以上のほか種々検討し、「被告らの商標権侵害、不正競争行為又は不法行為を理由とする損害賠償請求及び差止請求は、その余を検討するまでもなく理由がない」と判断しました。
■BLM感想等
本件は、代表取締役N.K.の実父亡N.M.の個人企業であった越後加茂商会を前身とし昭和23年亡同人が設立した絹織物製造販売等を業とする原告会社において、N.K.の甥である被告N.Y.と、その弟である被告N.R.は元社員(取締役)であったが、被告らに対し、原告を懲戒解雇し(又は被告らが退職届提出し)した事案でした。さらに、被告N.Y.及びN.R.が、休眠会社を被告N.Y.が譲り受け、平成4年1月5日付けで商号を「やまの株式会社」に、目的を絹織物、染呉服及び絹製品の製造、加工及び販売等と変更し、本店を肩書地に移転したあと、本件訴訟が提起されました。原告会社(N.K.)が、被告らが不当に値引販売したとか、適時適切な報告をすべき義務を怠ったとか、原告会社の商品、シール等を横領したとか、又は被告らの商標権侵害及び不正競争行為をしたなどと主張しています。被告会社設立後ですが、原告会社は一部請求については、被告N.Y.とN.R.の原告在職中の行為に対して損害賠償請求等しています。これに対し、被告らが原告会社の商標及び周知の商品表示を付したシール等を使用した行為が商標権の侵害及び不正競争行為等に該当するとの主張は退職後の行為に対するものと言えます。
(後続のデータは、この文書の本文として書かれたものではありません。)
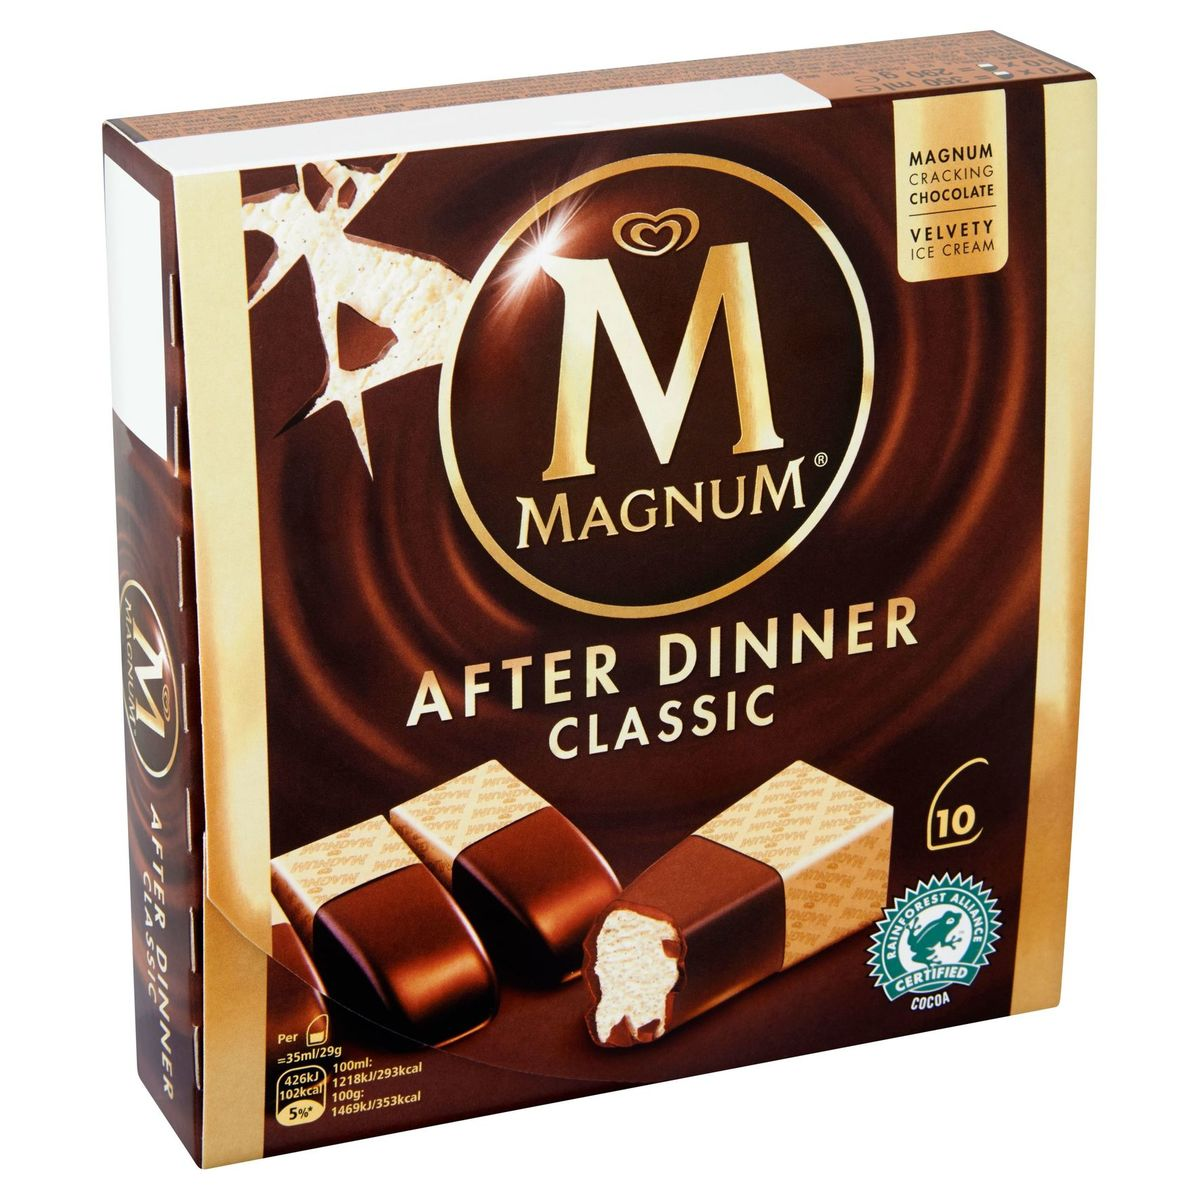 Magnum Ola Ijs After Dinner 10 x 35 ml

そして、本件のような関係解消事例で、元従業員等の行為を止めさせたい場合に、不正競争防止法2条1項1号の適用上、「周知性」の立証が難しい場合(本件も認められていません。)は、本件事案では。同じく認められていませんが、被告らが「原告会社の商標及び周知の商品表示を付したシール等を使用した行為」について、盗んだとか、横領した等の理由で、間接的に不正競争防止法2条1項1号の行為規制を行い得ると考えました。難しいでしょうかね・・
なお、不正競争防止法2条1項1号の問題としては、「プランニング・ナカムラは、ナンバーを他のシールと兼用しているので、番号をどのシールに使用したかは今さら調べようがない旨の回答も原告会社に」しているなどとしていいますが、シール(本件では品質管理シール等が含まれるようです)の管理をしっかり行うべきでしょう。